AIM OF THE EXERCISE - What you submit must be an exact copy of the listing below, with no images in it.

DATA PROVIDED -
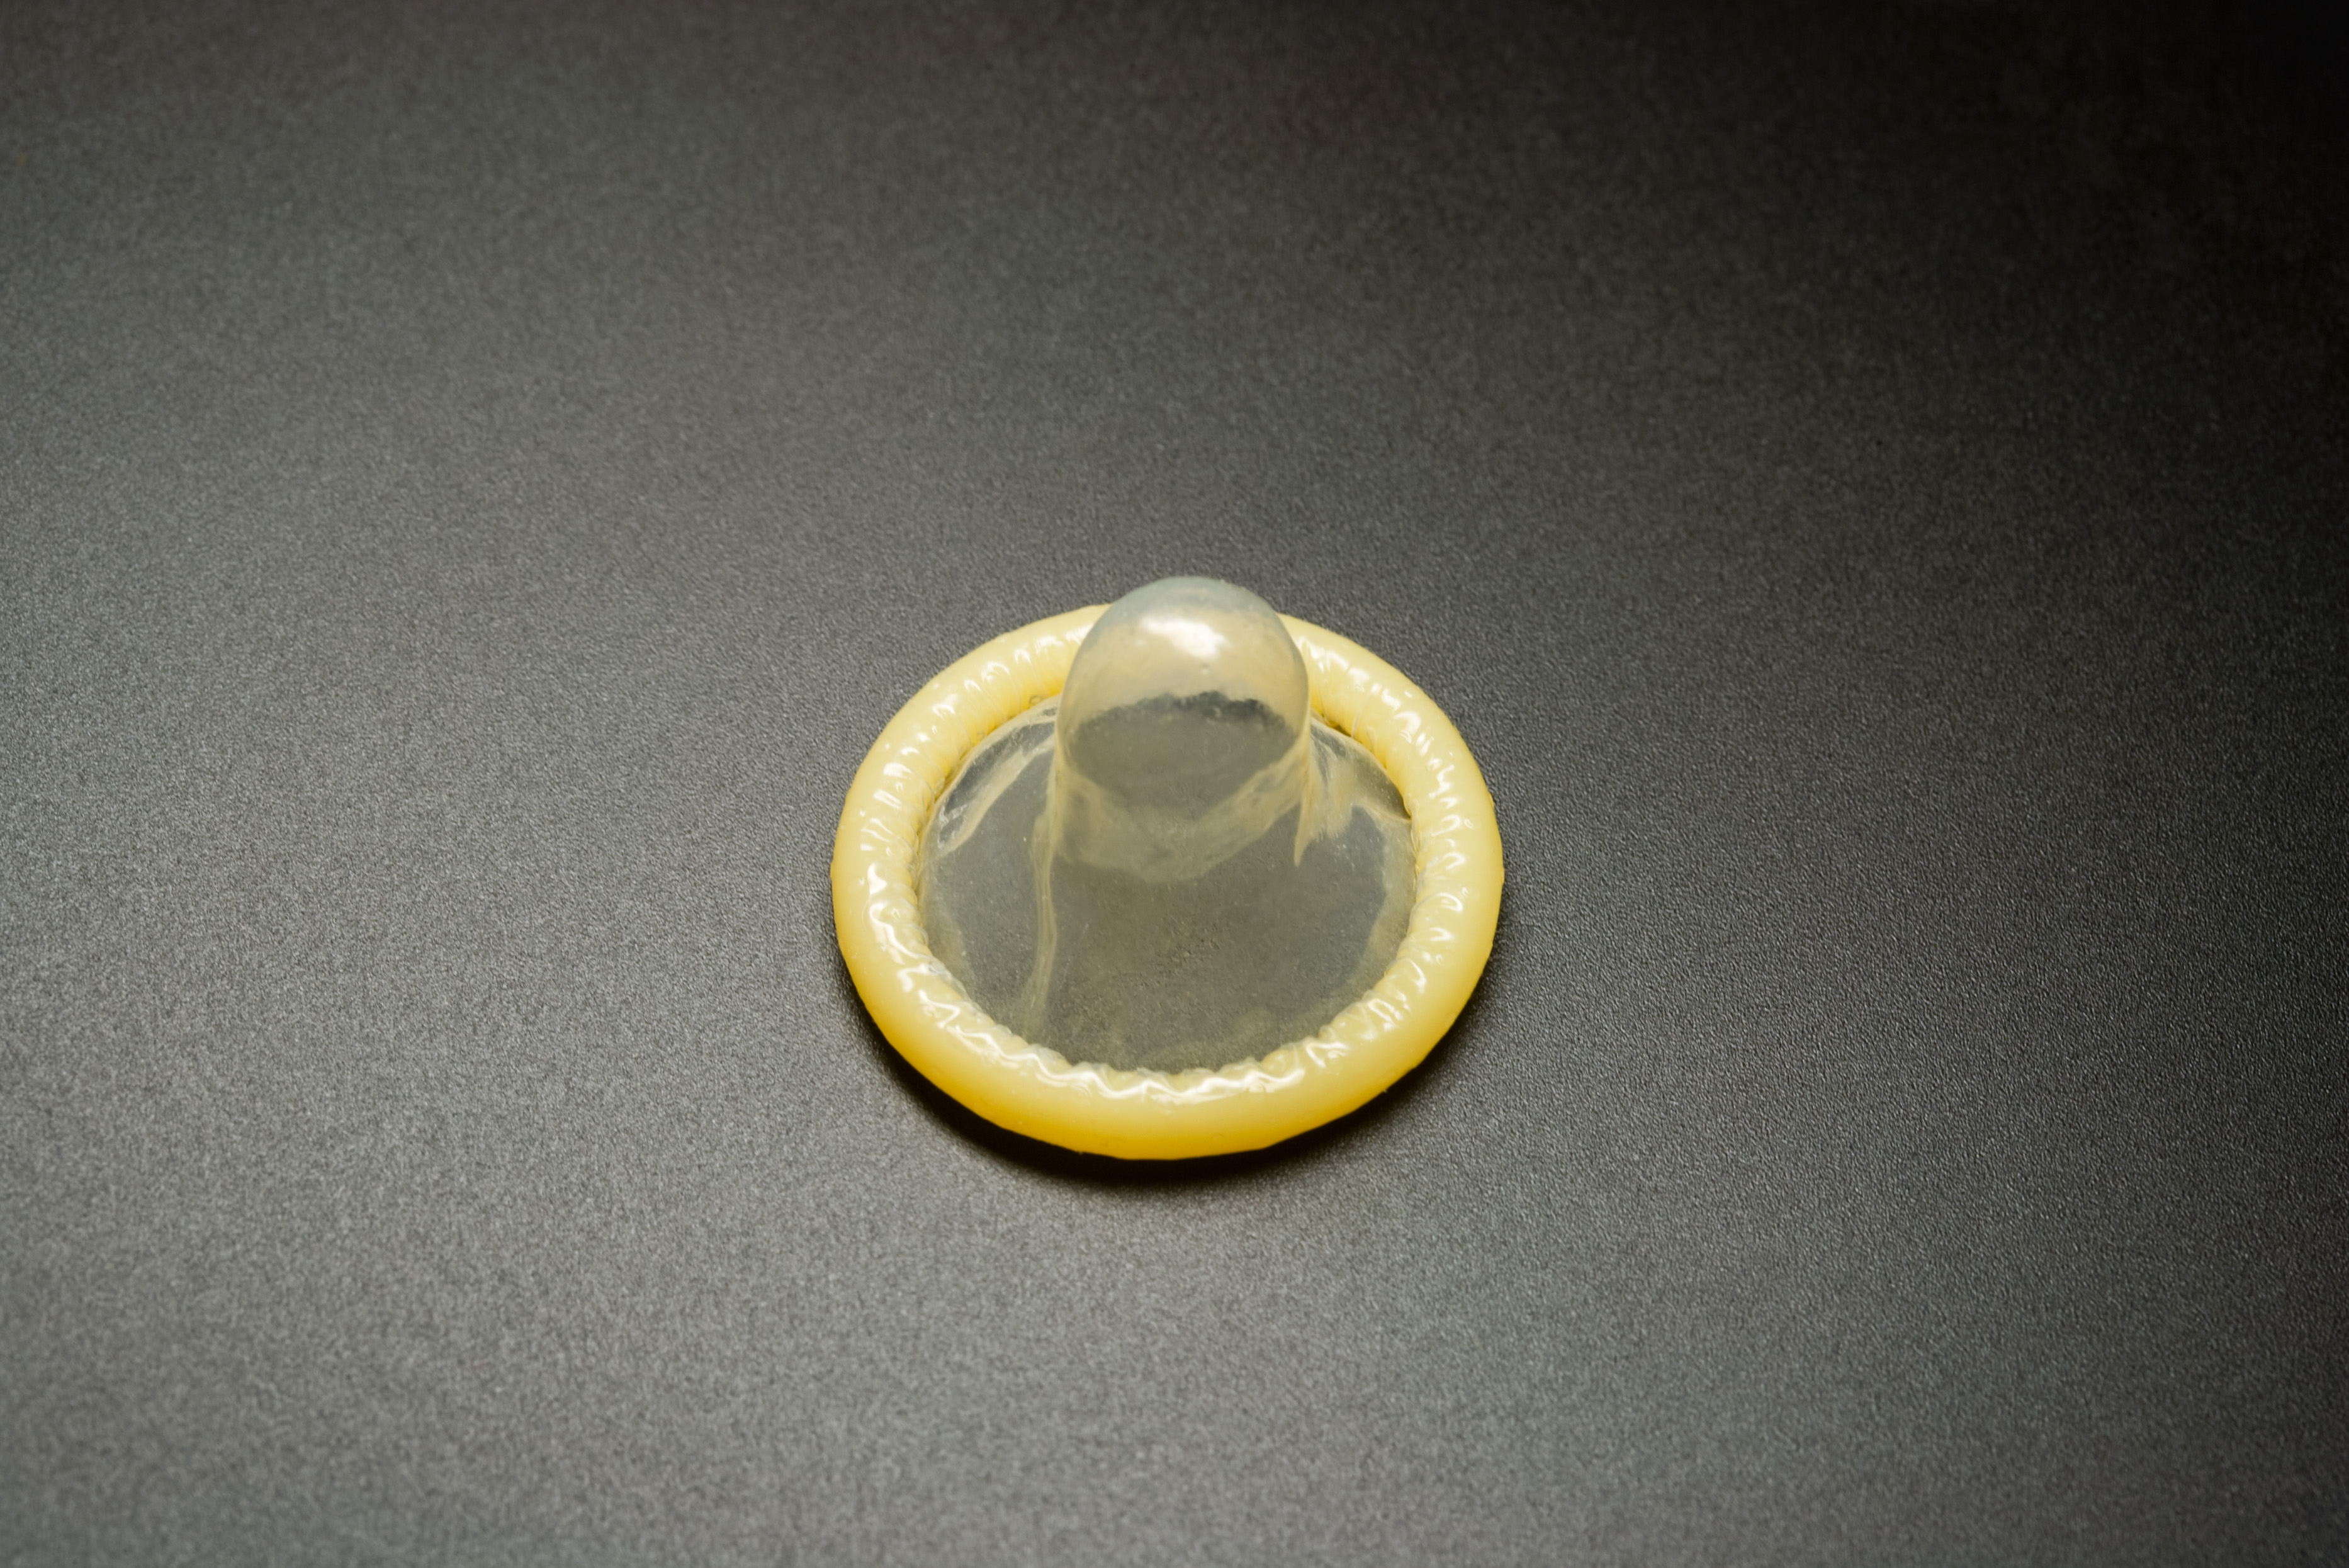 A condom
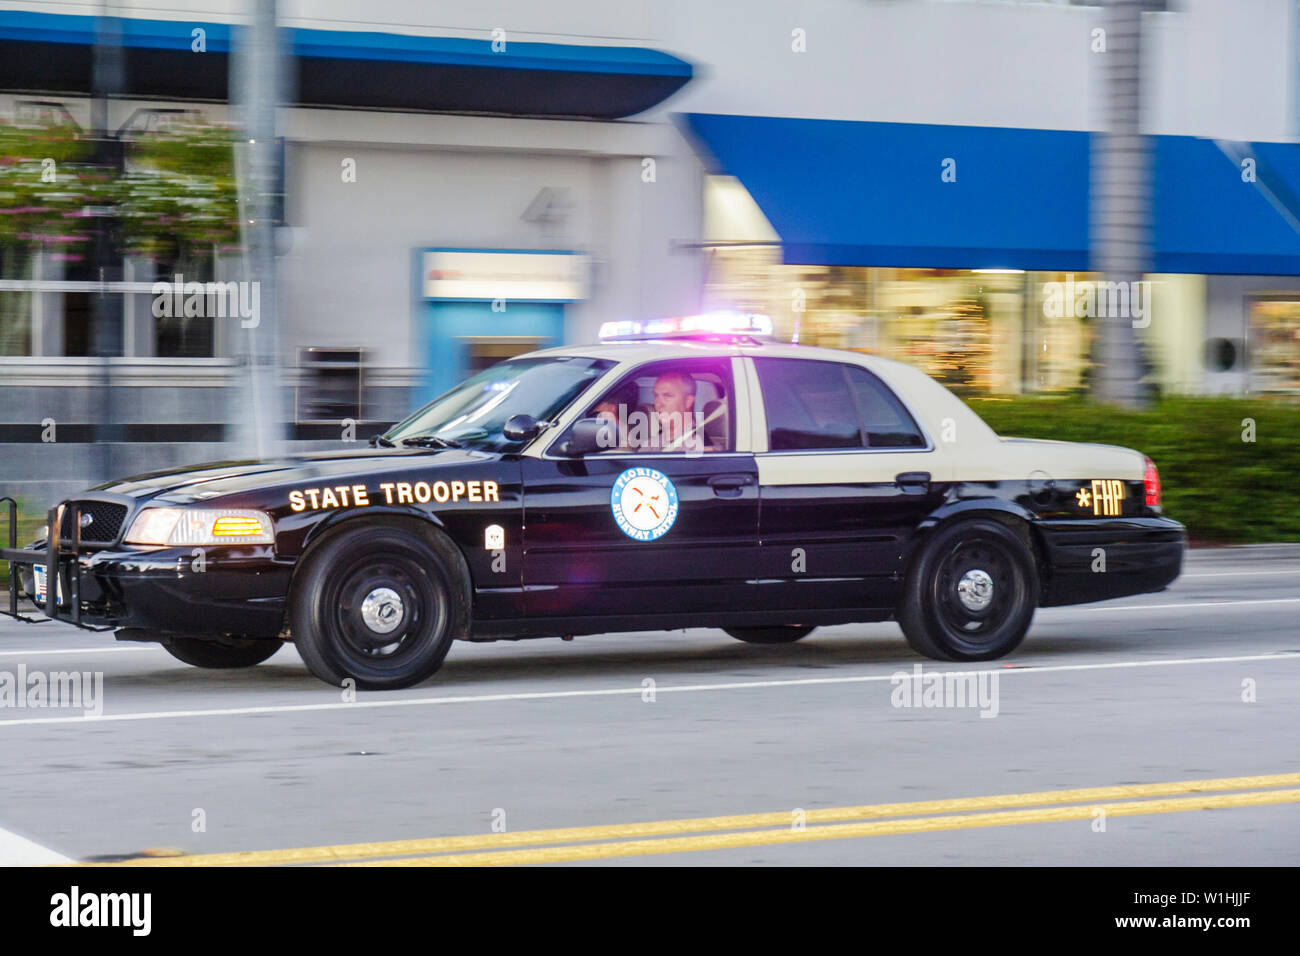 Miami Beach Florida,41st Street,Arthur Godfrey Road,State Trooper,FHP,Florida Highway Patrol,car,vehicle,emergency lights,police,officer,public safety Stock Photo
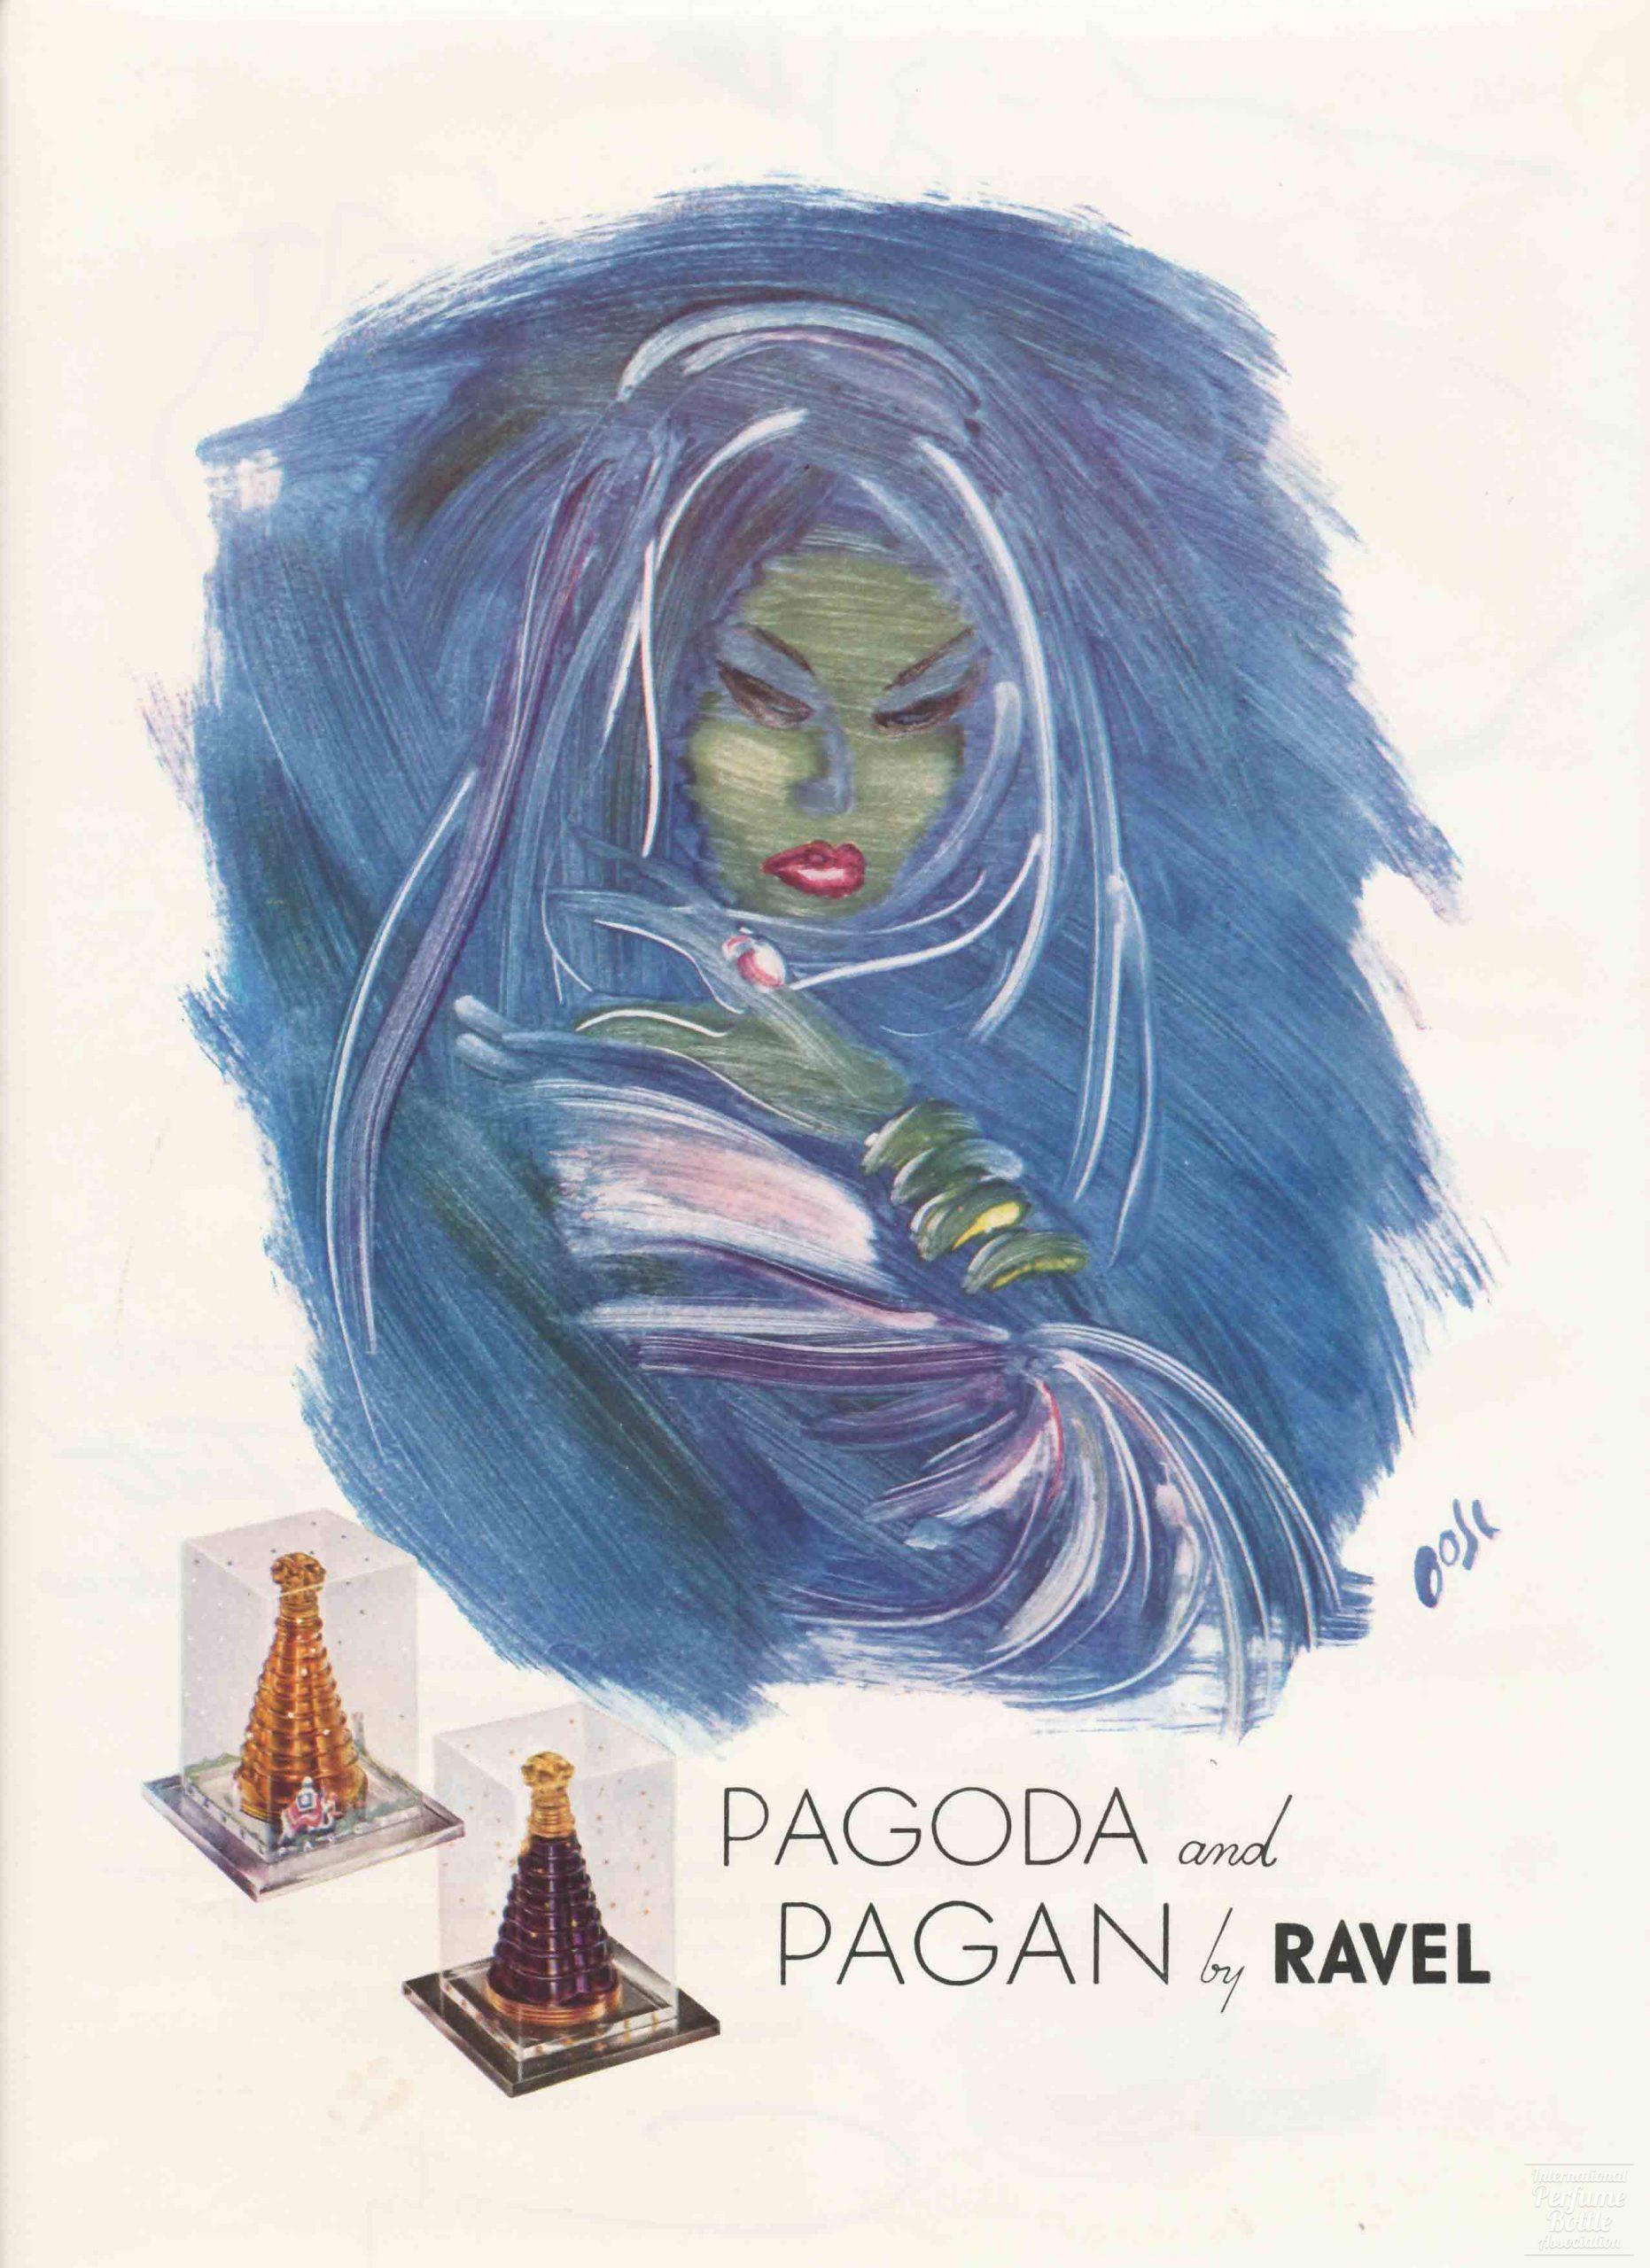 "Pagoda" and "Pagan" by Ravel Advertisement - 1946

RESPONSE FOR THIS EXERCISE -
 A condom
 Miami Beach Florida,41st Street,Arthur Godfrey Road,State Trooper,FHP,Florida Highway Patrol,car,vehicle,emergency lights,police,officer,public safety Stock Photo
 "Pagoda" and "Pagan" by Ravel Advertisement - 1946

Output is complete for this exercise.